76) Set A Clear Path

Managing a remote team can be a challenge. At Topflight Apps, I set myself on a clear path from the very beginning: I’m after top talents regardless of their location. So as you can imagine, at first, things were a bit hectic. We’ve been through various tools trying to coordinate our efforts, like Trello, Basecamp, and similar. Today we work in ClickUp and might switch to Jira someday, but the insight we’ve discovered is that it’s not really about software your team relies on. It’s about communicating your ideas clearly, being patient to get a reply, and then making sure that you’re understood. Messages in Slack do not convey the tone, as many of us have recently discovered. So recording a voice memo is sometimes worth an hour of back-and-forth chatting. That’s it: communicate clearly, listen, and be patient. And you’ll succeed.

Thanks to Joe Tuan, Founder of Topflight Apps

77) Dedicated Time

Dedicated time for working is essential. It is very easy to get lost to the chaos, work more or less while being remote without a sense of time.

Dedicating specific parts of your day as “work time” helps me get in the mindset of working. I usually designate a time between 9am-1pm and 3pm – 7pm as my working times. It’s time I know I should be working rather than doing anything else, and helps to avoid procrastination.

An additional tip for remote working teams: For my team, we have designated video meeting times every Friday and we try to keep up either by video calls or Slack through the week, especially on the morning. It’s essential for remote workers to not feel isolated while working from home, it can lead to low morale or even depression.

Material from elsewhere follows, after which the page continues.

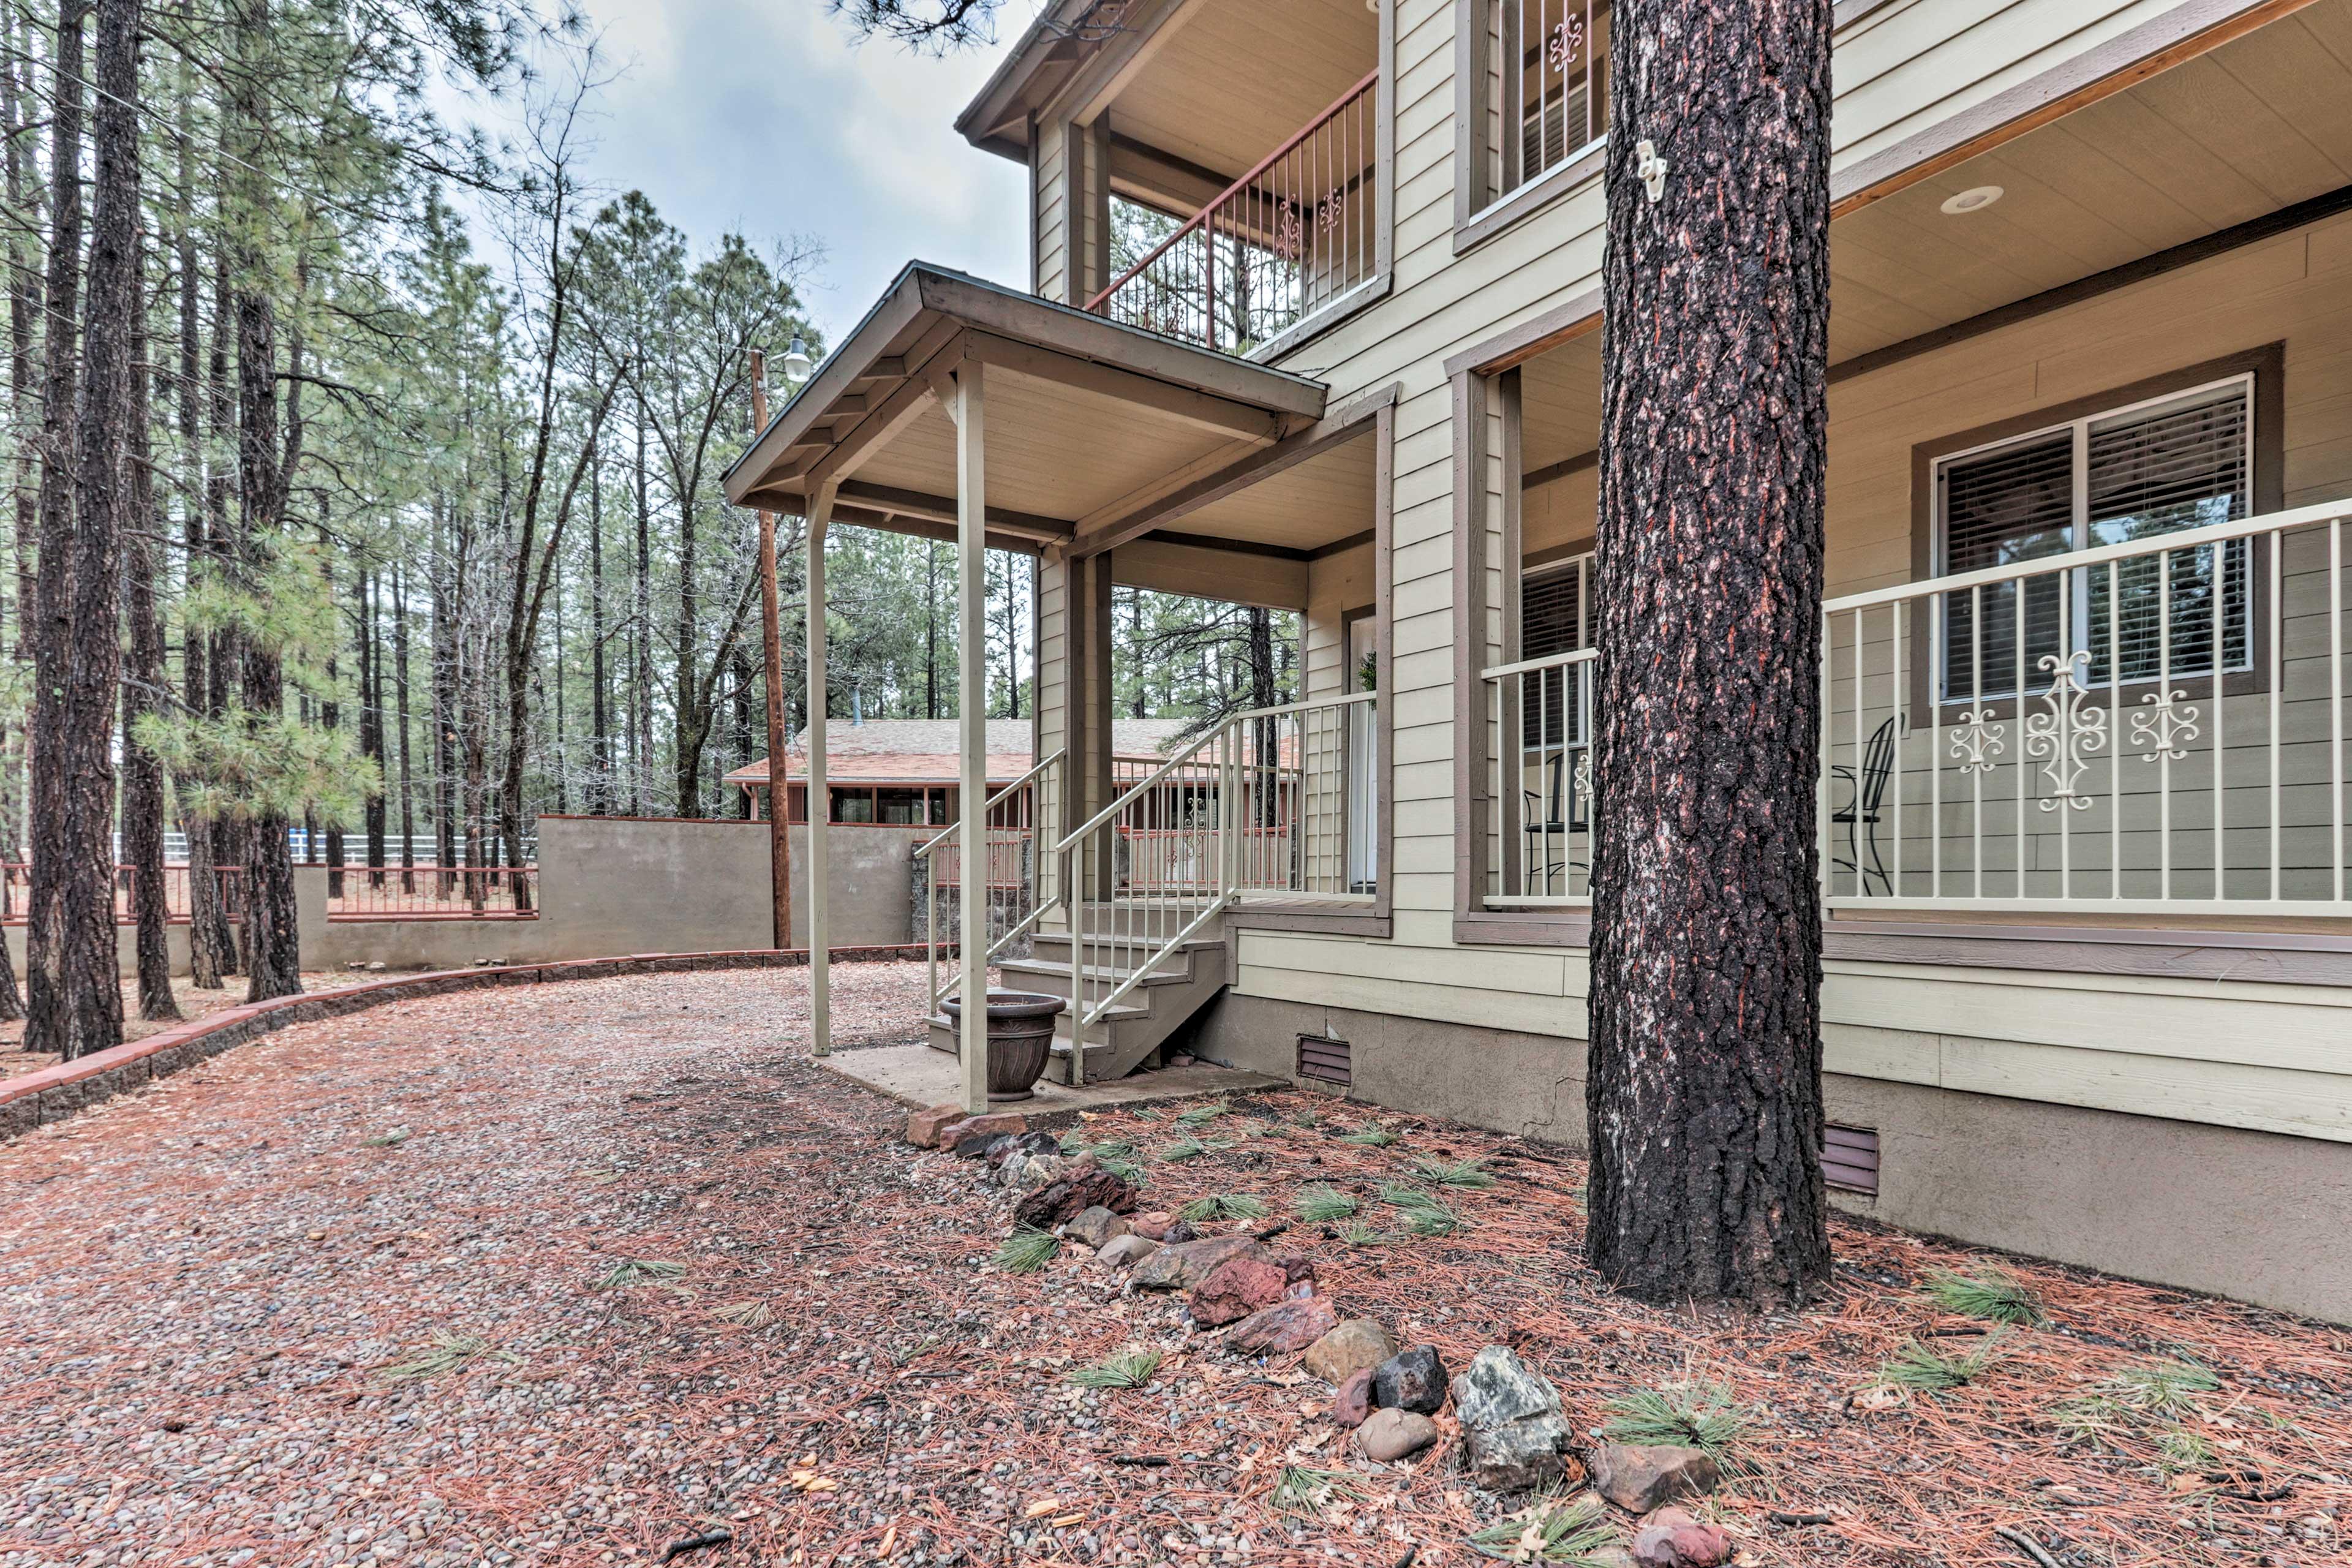 Ponderosa pines surround the house.
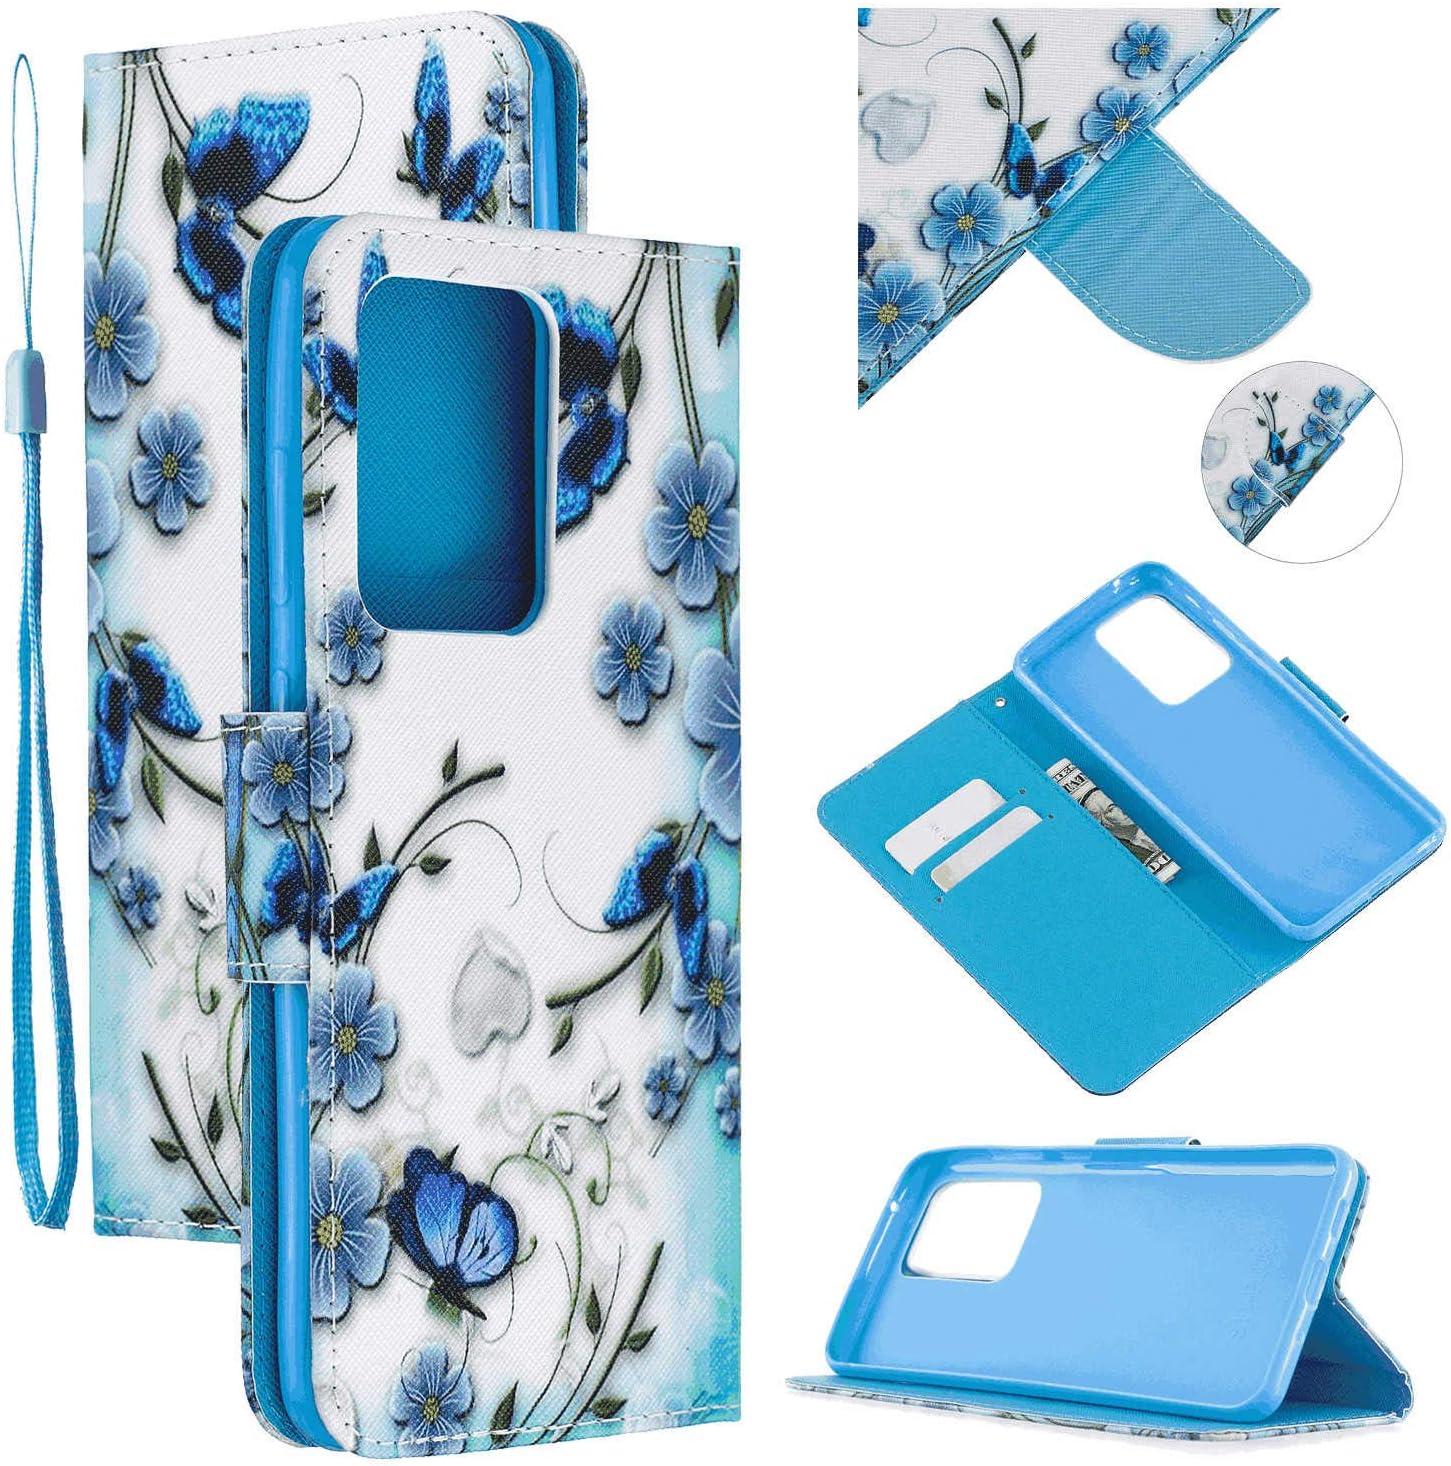 flower3 Wallet Case for Samsung Galaxy S10 Plus Leather Cover Compatible with Samsung Galaxy S10 Plus

Thanks to Nick Malekos, Senior Marketer & Head of Content at LearnWorlds

78) Use Asynchronizing Apps

Please don’t use a chat or syncronizing app (Slack, WhatsApp, Messenger…) with your partners.

Use an asynchronizing app to collaborate (Basecamp, Trello, Asana…).

Why? Because you don’t want to be interrupted all day during your deep work!

Thanks to SEO Consultant

There are different ways that a person can focus on working remotely. The above responses are individual responses to personal and unique circumstances. Some of the methods are common sense, while others tend to the extreme. What matter is that these experts’ answers work for them, and may also work for you.